SWIPE UP TO READ

Jembatan Perintis Garuda di Aceh Tengah Hampir Rampung, Akses Warga Linge Segera Normal

Progres pembangunan Jembatan Perintis Garuda telah mencapai 53 persen dan ditargetkan selesai 15 Juli untuk memulihkan akses warga.
Foto: dok. Kemendagri

TAKENGON - Pembangunan Jembatan Perintis Garuda di Kecamatan Linge, Kabupaten Aceh Tengah, terus dikebut sebagai bagian dari pemulihan infrastruktur pascabencana hidrometeorologi. Hingga awal Juli 2026, progres pembangunan telah mencapai 53 persen dan ditargetkan rampung pada pertengahan bulan ini.

Jembatan tersebut dibangun untuk menggantikan akses darurat yang selama ini menghubungkan Desa Reje Payung dan Desa Jamat. Sebelumnya, jalur penghubung kedua desa terputus akibat bencana sehingga mengganggu aktivitas warga, mulai dari akses pendidikan, distribusi hasil pertanian, hingga mobilitas sehari-hari.

Saat masa tanggap darurat, personel Kodim 0106/Aceh Tengah bersama relawan dan masyarakat sempat membangun jembatan sementara agar aktivitas warga tetap berjalan.
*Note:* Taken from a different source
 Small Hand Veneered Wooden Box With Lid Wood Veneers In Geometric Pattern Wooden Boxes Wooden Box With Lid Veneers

Namun, tingginya debit sungai saat musim hujan membuat jembatan darurat itu beberapa kali hanyut sehingga diperlukan infrastruktur yang lebih permanen.

Pembangunan Jembatan Perintis Garuda dimulai pada April 2026 dengan melibatkan personel Kodim 0106/Aceh Tengah, jajaran Koramil, 25 prajurit Yonif TP, tenaga teknis Zidam, serta dukungan masyarakat setempat.
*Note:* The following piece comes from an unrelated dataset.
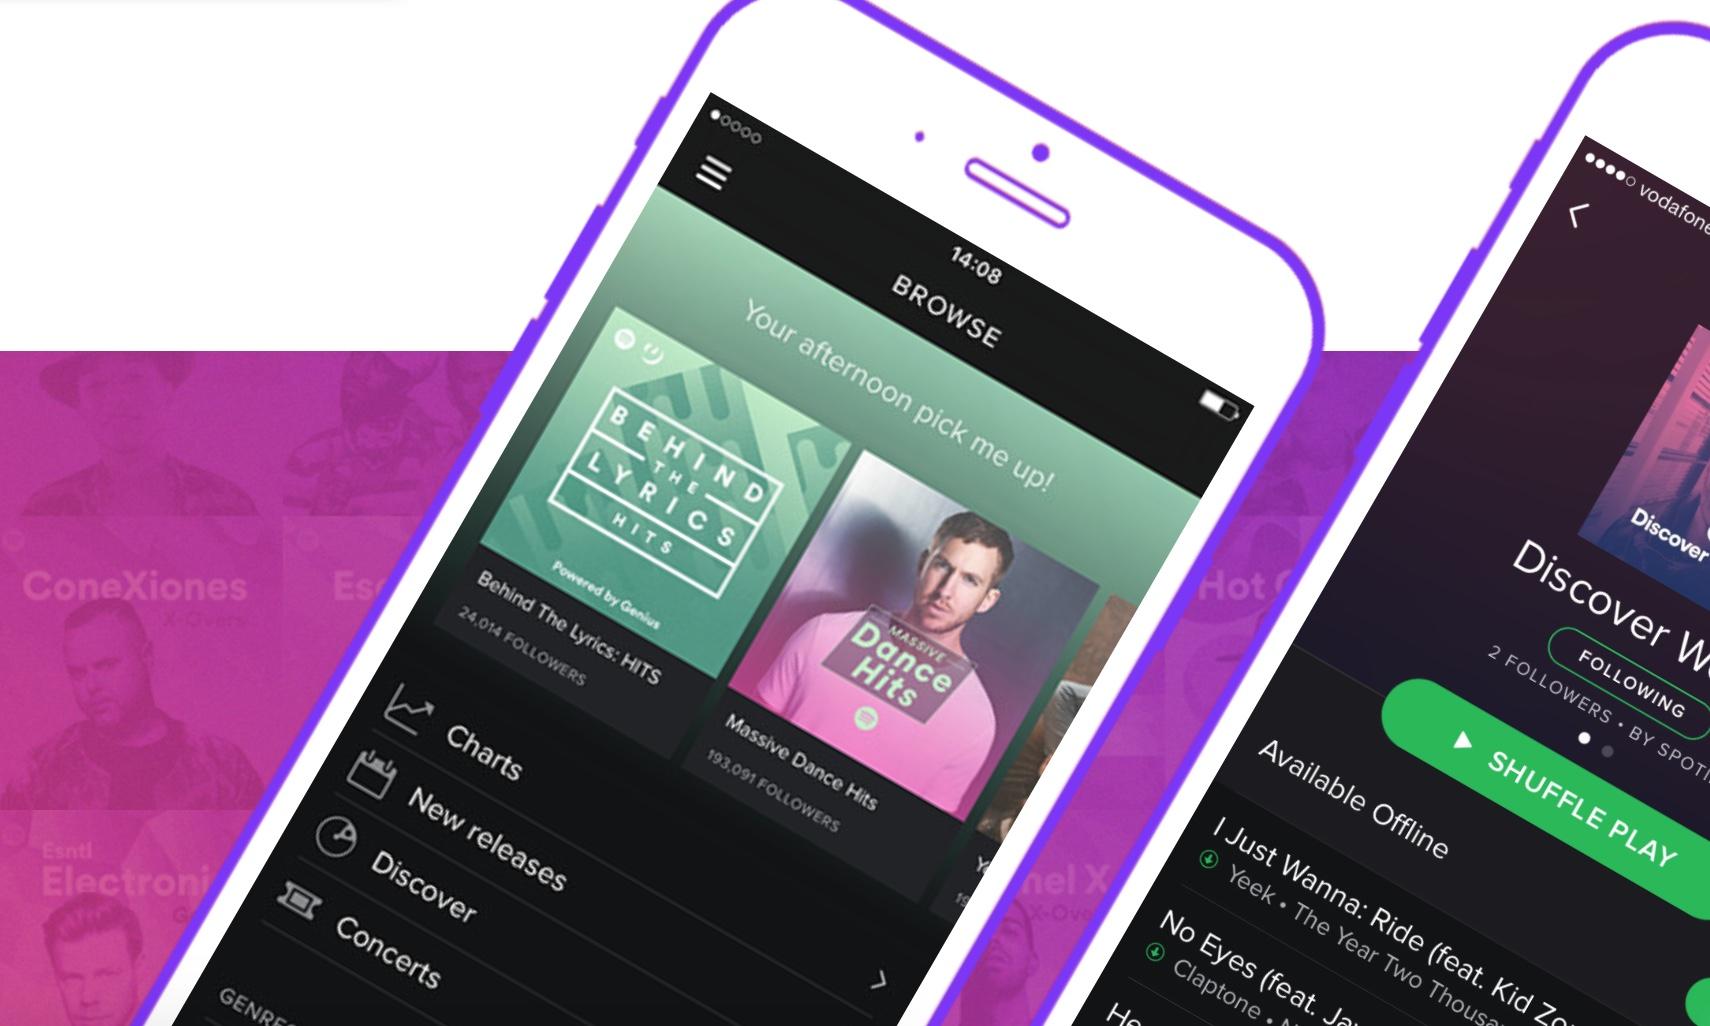 Spotify gjør det bra, men de store artistene er fortsatt spredt utover konkurrerende tjenester.

Komandan Koramil 05 Kodim 0106/Aceh Tengah Letnan Satu Infanteri Mukhlis mengatakan pekerjaan konstruksi masih berjalan sesuai jadwal.

"Saat ini progres pembangunan sudah mencapai 53 persen. Kami menargetkan pekerjaan selesai dalam sekitar 10 hari ke depan atau pada 15 Juli," kata Mukhlis dalam keterangannya, Ahad, 5 Juli 2026.
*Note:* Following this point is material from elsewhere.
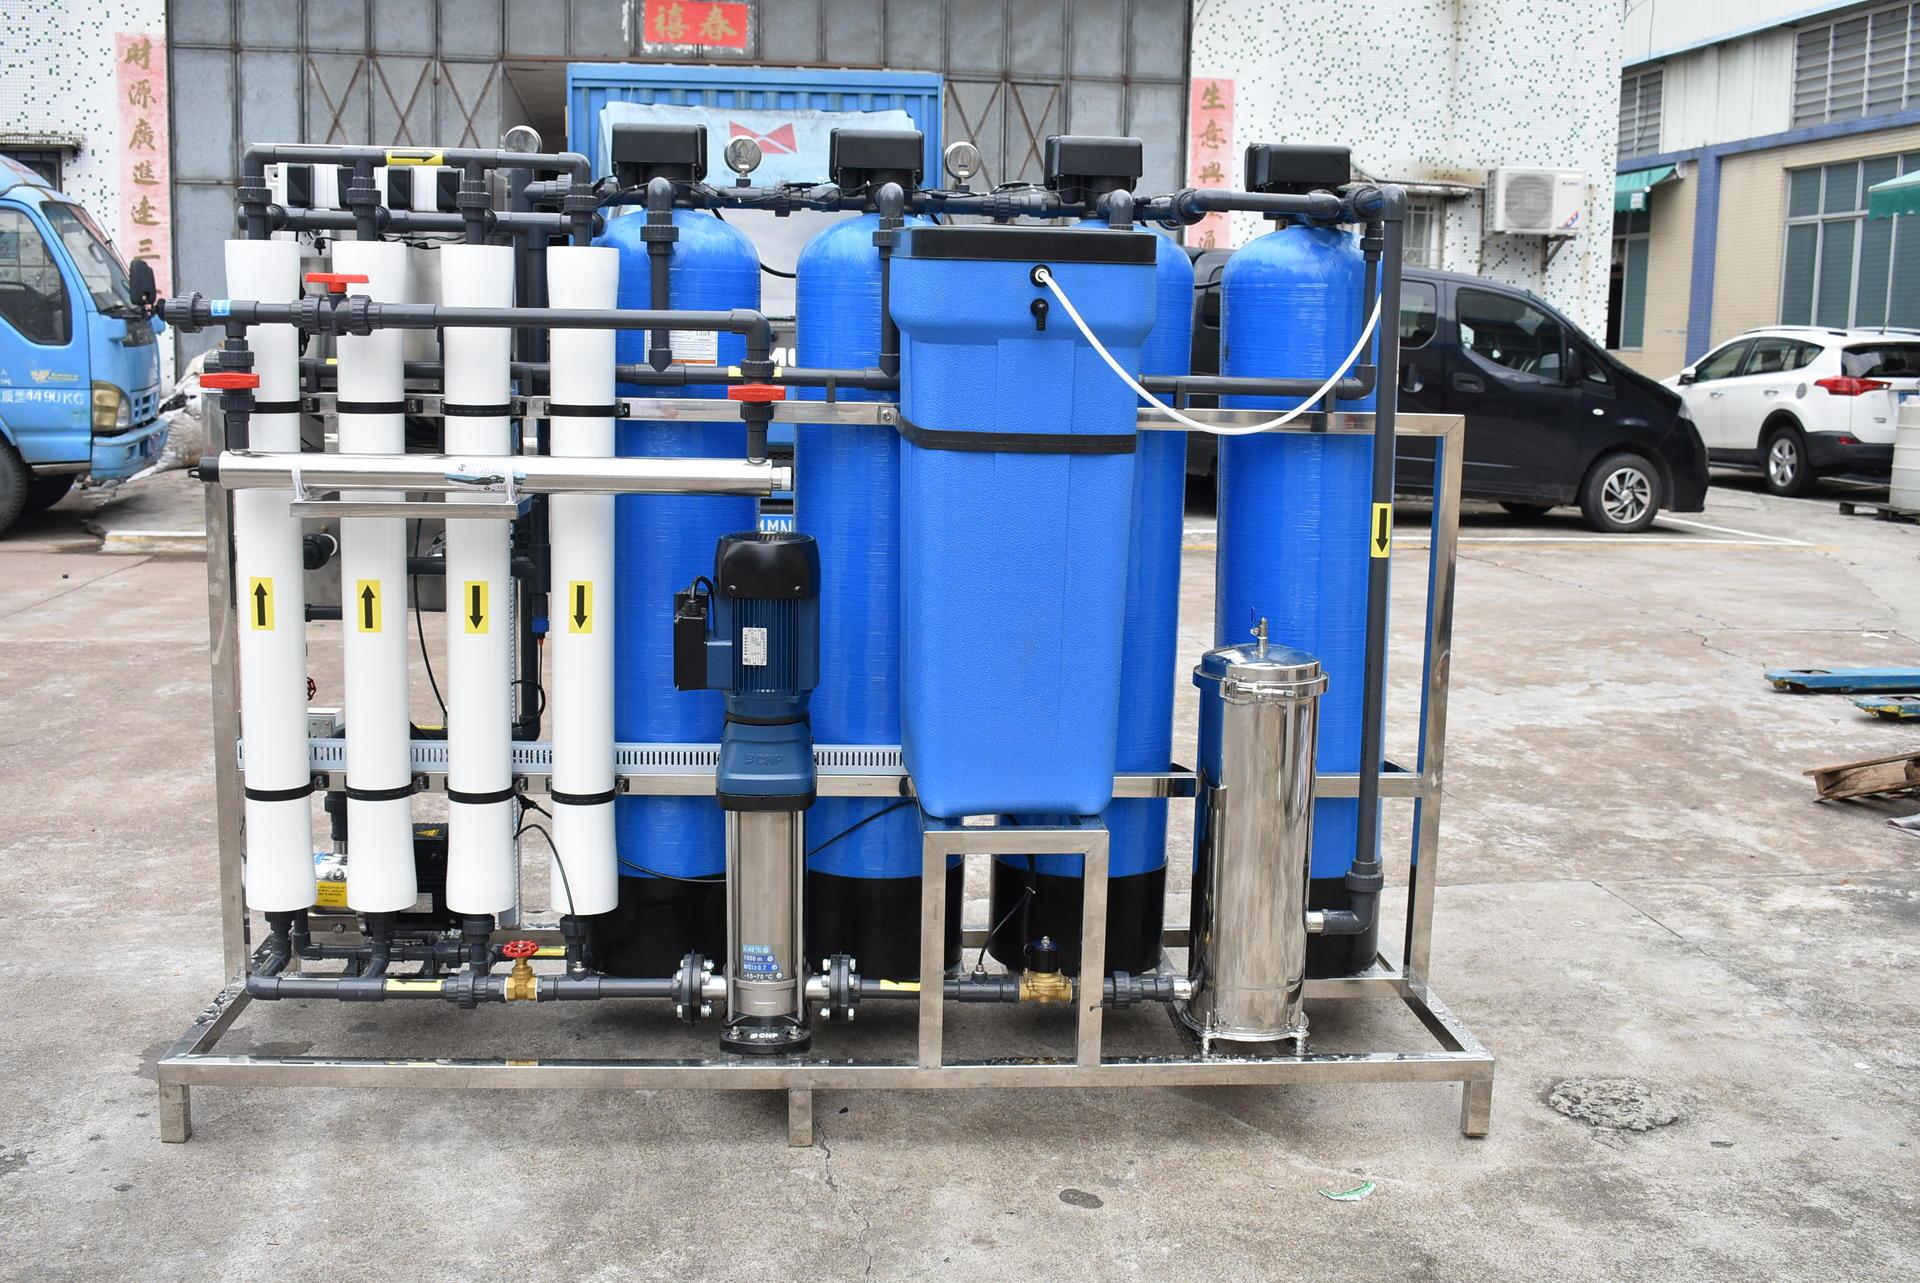 1000 liter per hour Reverse osmosis Filtro de agua para agua potable

Menurut Mukhlis, keberadaan jembatan permanen itu akan mengembalikan konektivitas masyarakat di Kecamatan Linge sekaligus memperlancar akses menuju sekolah, lahan pertanian, dan pusat aktivitas ekonomi warga.

Selain meningkatkan mobilitas, jembatan baru tersebut juga diharapkan lebih tangguh menghadapi cuaca ekstrem sehingga risiko terputusnya akses akibat banjir dapat diminimalkan.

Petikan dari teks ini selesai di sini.